Buchanan (1988) stated, similarly, in regard to the advance directive: ‘Presumably a point is eventually reached at which the degree of psychological continuity between the author of the advance directive and the incompetent individual is so small that the advance directive of the former has no authority at all over the latter.’

This suggestion is controversial as it states that the incompetent adult may be so far removed from their previously competent self, that they should not be bound by the latter advance directive. It has been argued, however, that advance directives convey values which we should continue to respect because the now incompetent patient is not just a collection of current interests, but is rather a person with a past (Dworkin, 1986). Similarly Rhoden (1988), made a case that the ‘notion that a person is one person and one person only, from birth through old age, despite whatever changes and vicissitudes she might undergo’.

Conclusions

Advance statements present complex dilemmas with ethical, moral and legal facets. A competent patient may refuse any treatment, even where the decision may lead to an untimely death. The same holds true with respect to an incompetent patient with an advance directive made when that patient was competent and there is no reason to believe that the patient has changed his or her mind.

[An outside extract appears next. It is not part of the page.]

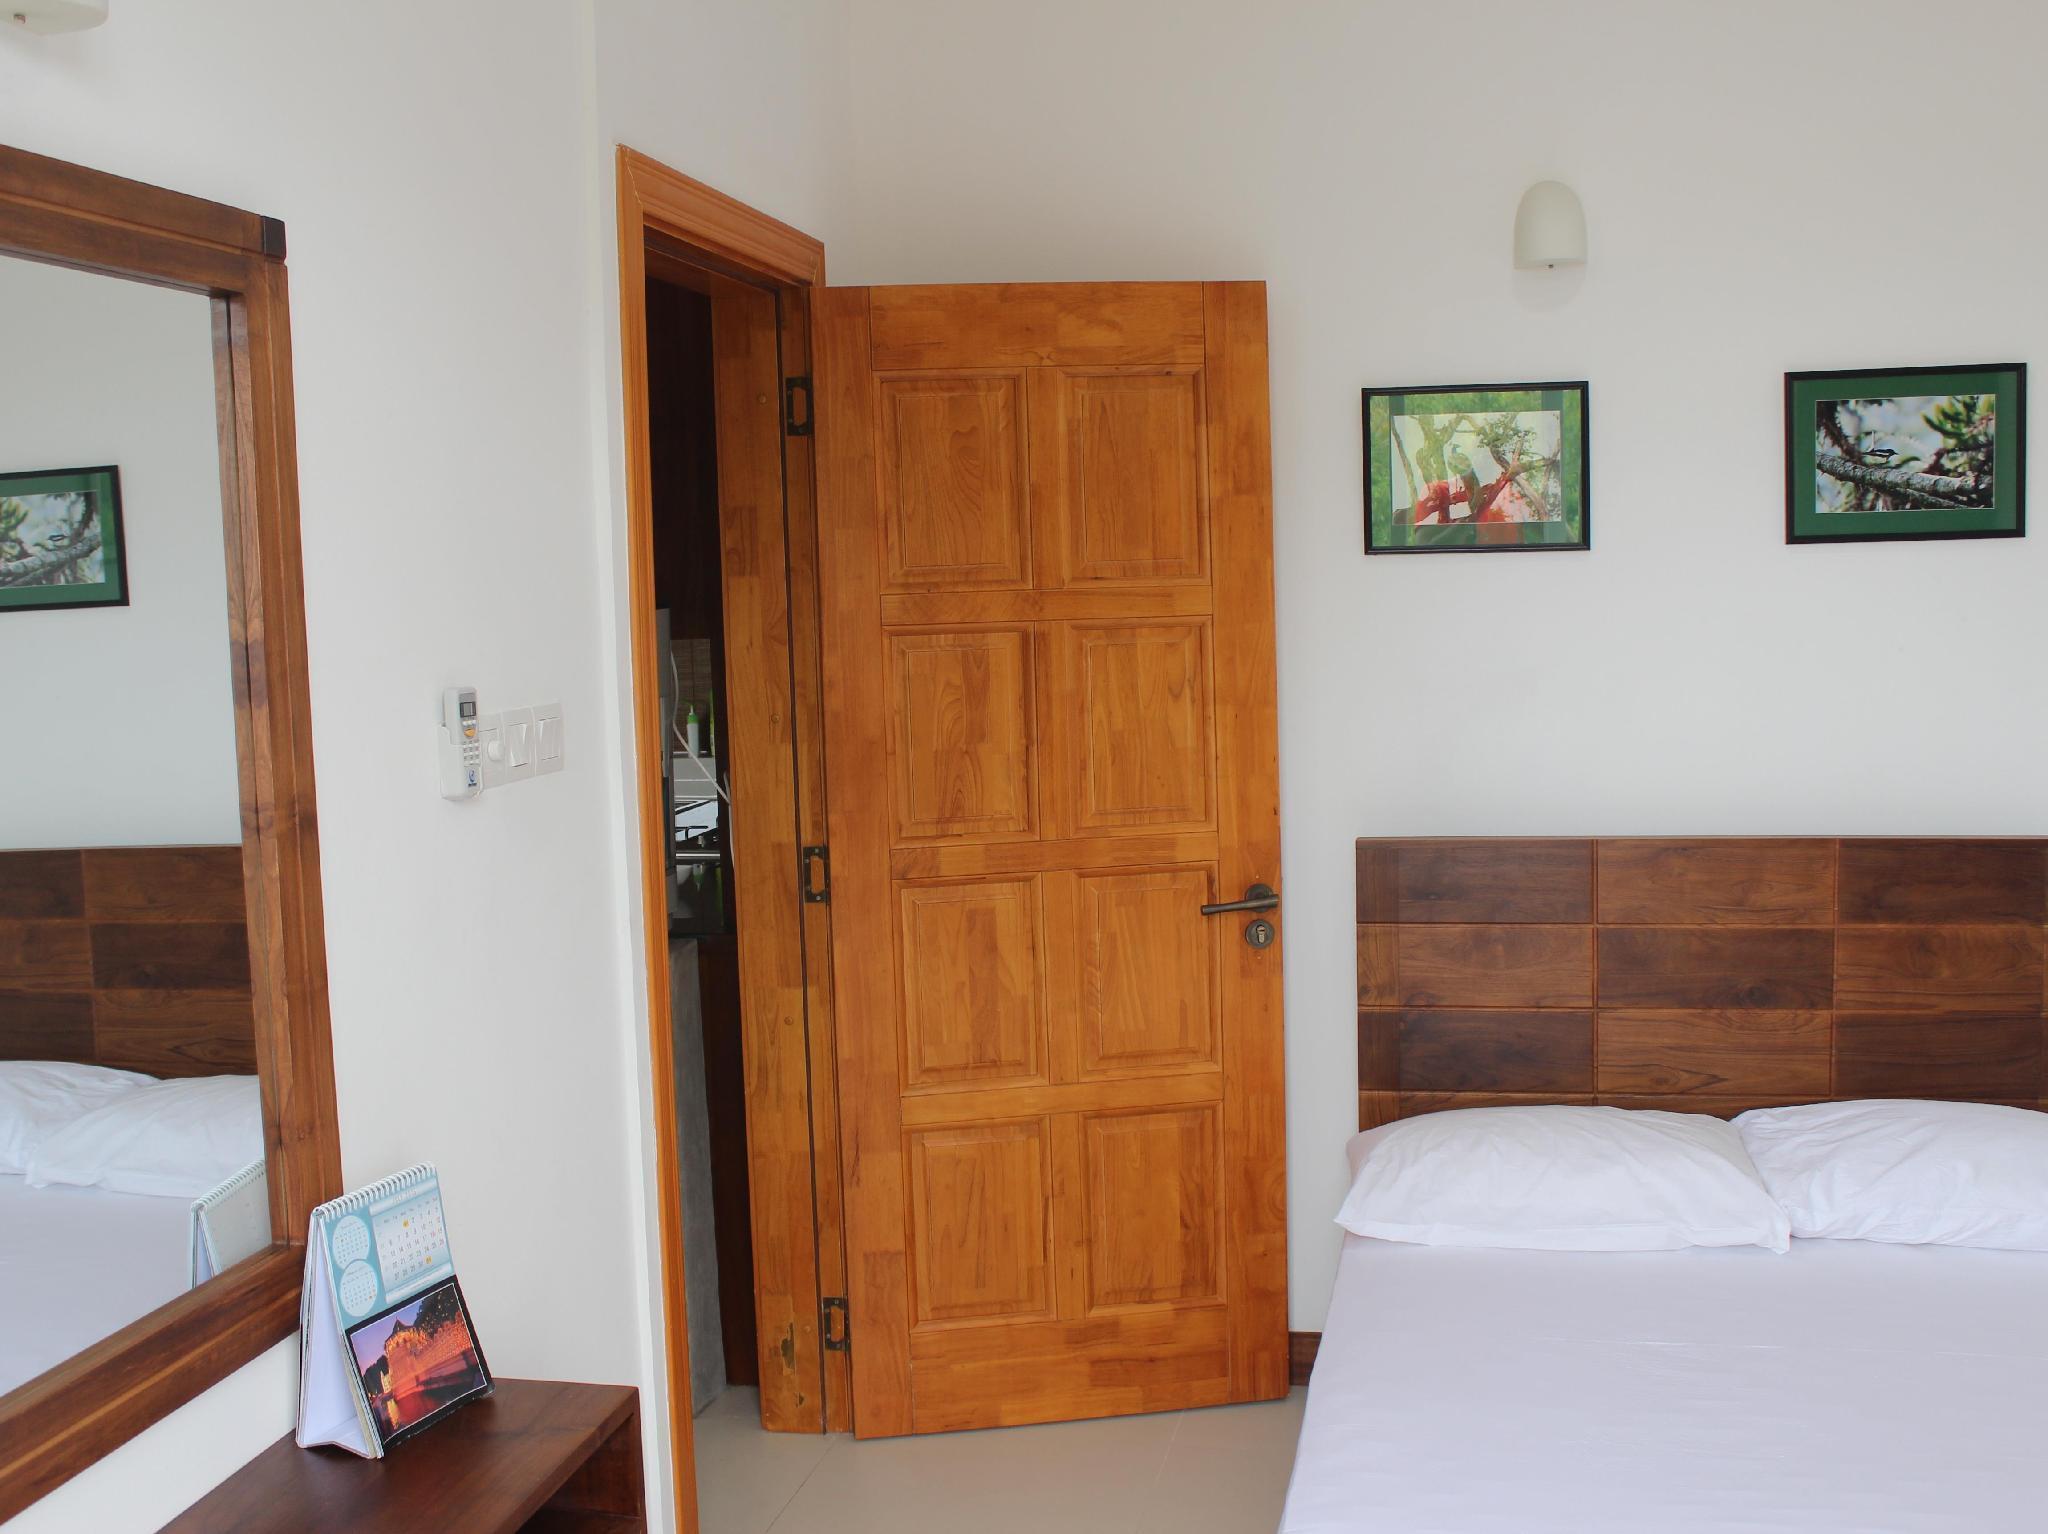 Anaqkara  Luxury Beach Apartment, Dehiwala-Mount Lavinia

Advance statements arise from respect of patient autonomy and the introduction of The Mental Capacity Act 2005, which aims to provide consistently better protection and greater empowerment for vulnerable people and their autonomous rights.

The patient's right to choose in advance how they are to be treated if not competent to make their own treatment decisions is a positive development in the law. However, this may be of limited effect, as the majority of people will probably never make an advance statement. Therefore we should educate both patients and doctors about their rights in relation to medical decision-making, particularly as our increasing ability to prolong life makes decisions to terminate life-sustaining treatment more common. In England, an education campaign to accompany the legislation recently introduced may be necessary to highlight patient involvement in decisions regarding their future medical treatment.

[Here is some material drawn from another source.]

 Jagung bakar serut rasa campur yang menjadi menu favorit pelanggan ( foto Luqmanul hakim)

Although the Mental Capacity Act 2005 has recently been come into force, one can only presume that problems with creating a legally binding directive at common law will be similar to those under this new Act. In order to respect patient autonomy, avoid harm to patients and reduce the risk to doctors of civil or criminal liability, physicians need to determine the legal validity of advance directives before making their treatment decision. In cases of uncertainty treatment decisions should be made in the patient's best interests while legal advice is sought as to the validity of the directive.

Key Points

  • Advance refusals of medical treatment present complex dilemmas with ethical, moral and legal facets.
  • Advance statements arise from respect of patient autonomy and the introduction of The Mental Capacity Act 2005.
  • The patient's right to choose in advance how they are to be treated if not competent to make their own treatment decisions is a positive development in the law.
  • Patients and paramedics should be educated about their rights in relation to medical decision-making, particularly as increasing abilities to prolong life makes decisions to terminate life-sustaining treatment more common.